For the last few weeks now I’ve been bantering with my host family dad about Mexican soccer. He’s a taxista (taxi driver), and I’m pretty sure he’s a Cruz Azul fan, from the little decorations hanging from his taxi’s rearview mirror. He was surprised we had been to a couple of Pumas games already. I commented on how the América-Pumas game was sold out a few weeks back. “Oh, of course,” he said (or I think he said – I’m doing my best with the Spanish here), “and that game is muy peligroso – very dangerous.” But the most dangerous game of all, he said, is the Chivas-América game. “Muy, muy peligroso...”

So you can guess how much fun it was to reveal to him that I was going to the Chivas-América game yesterday. My host mom put her head in her hands and lamented our plans. “Mateo, Mateo…” she said pitifully, shaking her head, as if I had no idea what we were getting ourselves into. But my host dad seemed impressed. On my way out Saturday afternoon, he called out to “enjoy the Chivas-América game!” “Si, si,” I said. “Y vamanos Chivas…o América?” I put my hands in the air, as if to weigh which team I ought to root for, seeing if he would give away his loyalties. “Oh, Chivas,” he said, grinning. “América es muy fresa.”

Fresa, which literally means “strawberry,” is a bit of Mexican slang used to describe sort of young rich Mexican kids, yuppies, that sort of thing. (It's kind of like how White Sox fans might describe Cubs fans.) Anyway, I’m already a fledgling Chivas fan (we’re moving to Guadalajara in 2 months!), so I’ve been repeating this América es muy fresa thing ad nauseum. See, I am learning Spanish, one slang word at a time...


On Sunday we met the other game attendees not far from our neighborhood and caught a charter bus south to lunch, then to the stadium. There were at least 30 of us gringos, nearly all of us Fulbright awardees, accompanied by a couple of kids and a few freeloading spouses like me. Most weren’t talking about the game – these are graduate students, after all – but there was one dude decked out in a bright yellow América jersey. (Coolest thing about América jerseys – one of the sleeves has the outlines of a wing on it, showing that they’re the Aguilas, Eagles.) Transport felt a lot like a grade school field trip, actually – pile onto a charter bus that drops you off in front of wherever you’re going.

And of course, where we were going was Estadio Azteca. Now, I love the Pumas stadium because it’s close and has a cool Diego Rivera mural and looks kind of like a volcano.

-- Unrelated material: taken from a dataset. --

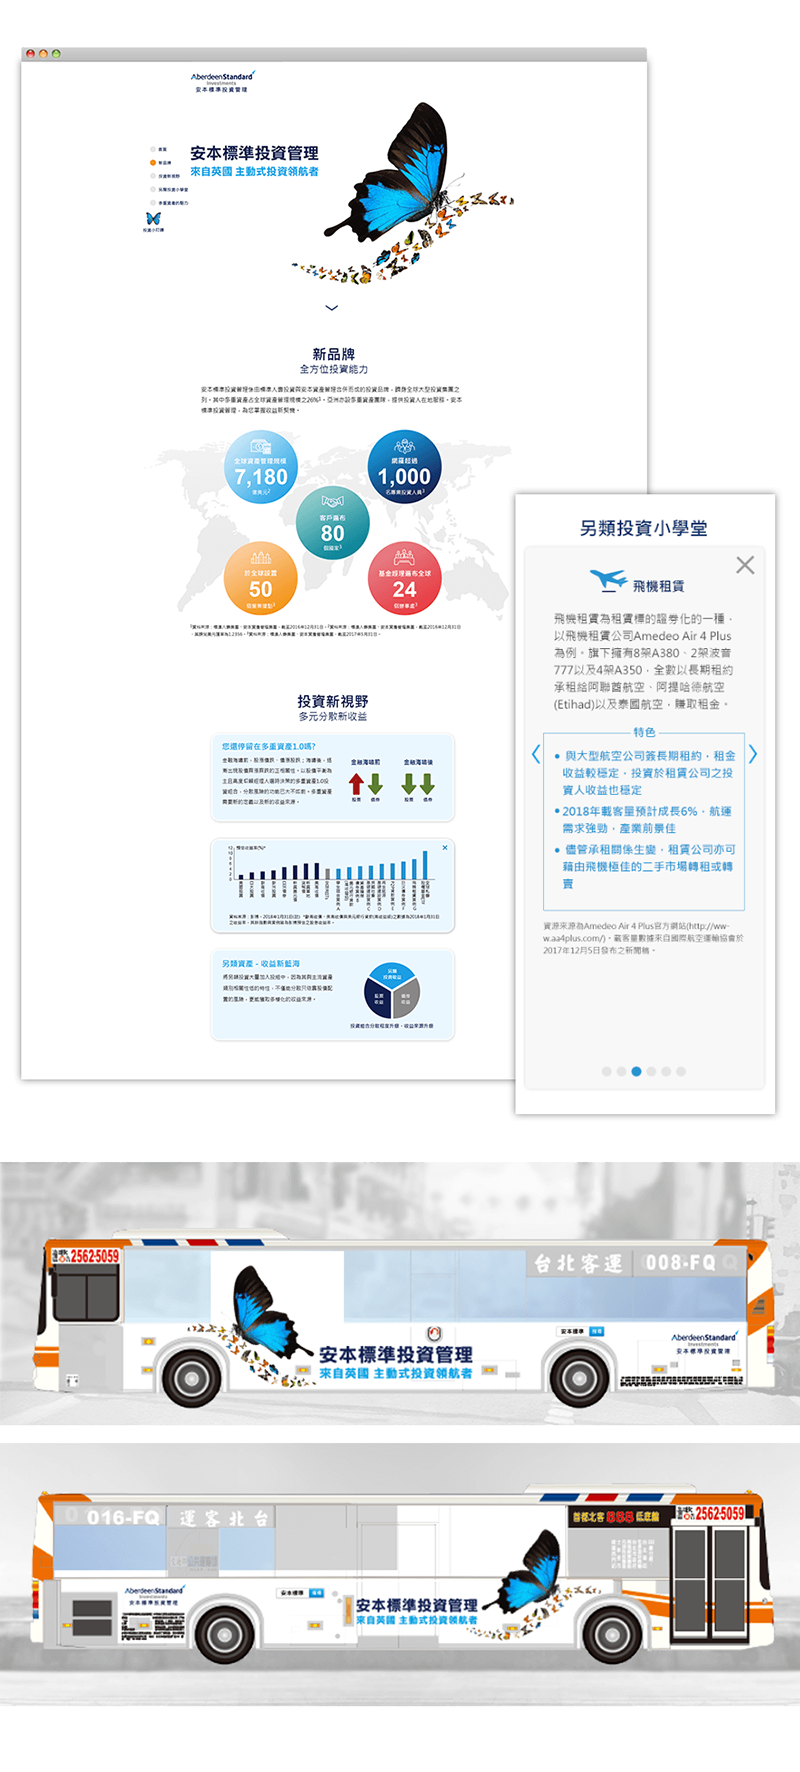 安本標準投資管理 品牌行銷 活動網站

But Estadio Azteca dwarfs it by far, towering into the air in concave steel, looking like smoke coming out of the volcano. (Plus, Estadio Azteca features an Alexander Calder scultpure outside it!) We walk over the bridge to the stadium – like walking the bridge to Miller Park in Milwaukee – and are, of course, patted down by riot police. Oddly, the security pat-down is not nearly as intense as at the last Pumas game…maybe it’s the section we’re sitting in. We file into the stadium, and it’s true, we’re not in the crazy fan section. Instead they file us into the 10th row from the field, just to the left of the goalie box. INCREDIBLE.

We’re an hour early for the game, but the stadium is already filling up. From the inside Estadio Azteca is even bigger. It’s at least three times the size of Estadio Olimpico Universitario, where the Pumas play. Look, I’m used to Wrigley Field, alright? I haven’t been to many American football games outside of East Lansing, Michigan. So I am impressed. I’m really impressed. It’s like we’re at the bottom of this huge towering steel bowl; it is nothing short of overwhelming. The noise level is already incredible, and it’s increasing as more fans continue filling the stadium. I love it.

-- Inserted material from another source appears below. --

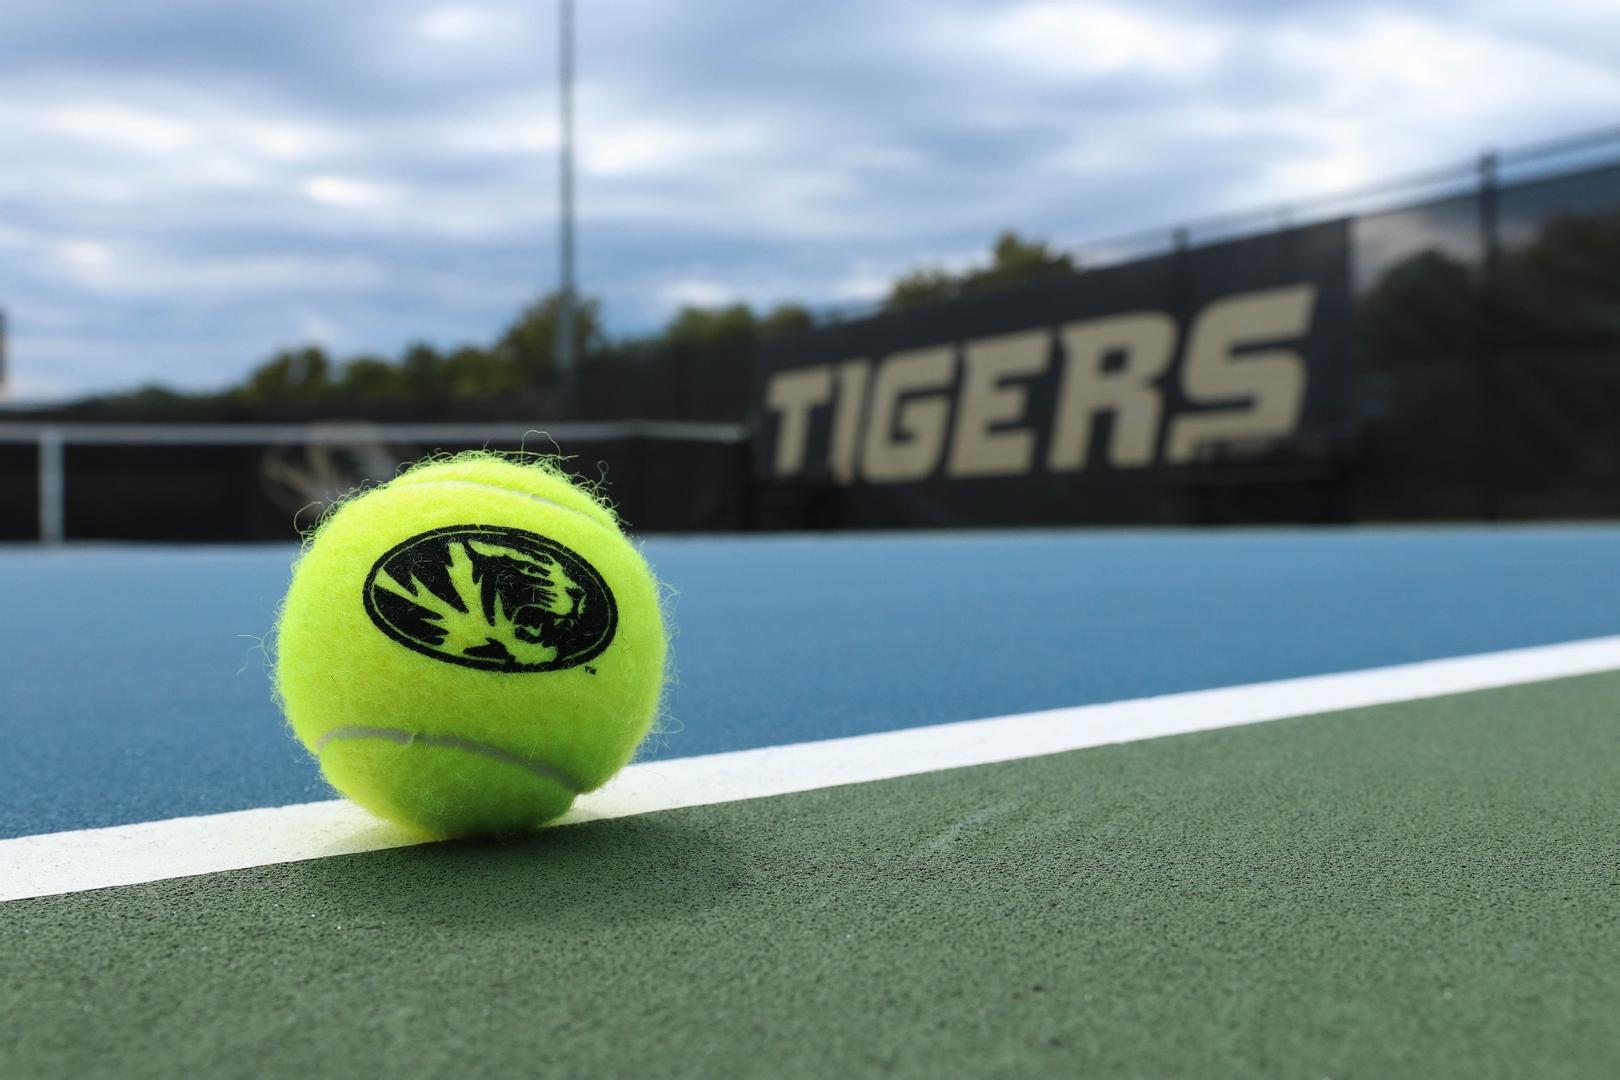 Mizzou Tigers vs. Kansas City Kangaroos at Green Tennis Center in Columbia, MO, on Friday, September 18, 2022. John Gronski/Mizzou Athletics

The players come out to begin warming up, and the crowd erupts for the first time. The goalie for América is doing drills, lying down on the ground and rolling from side to side, blocking practice shots his teammates kick at him. I clap my free applaudadores – thundersticks – together, to burn off some excitement.

After awhile there are some pregame presentations. They bring out Guillermo Perez, one of the Mexican Olympic gold medalists in jujitsu this year – two of Mexico’s three 2008 gold medals were in martial arts. They give him a weird framed poster featuring pictures of him and Club América logos in a checkerboard design, and a Club América jersey. Everyone claps politely, even the Chivas fans. Then they bring out Pelé. Yes, that Pelé. I told you this was the Superclasico, right? Pelé says something about how some of his favorite soccer moments were here in Mexico (the Estadio Azteca has hosted two World Cups, in 1970 and 1986) and wishes both teams luck. No Club América jersey this time – way to remain neutral, Pelé! (Also, I would like to take this moment to remind myself that I have now seen Pelé in person. Nope, still can’t believe it.)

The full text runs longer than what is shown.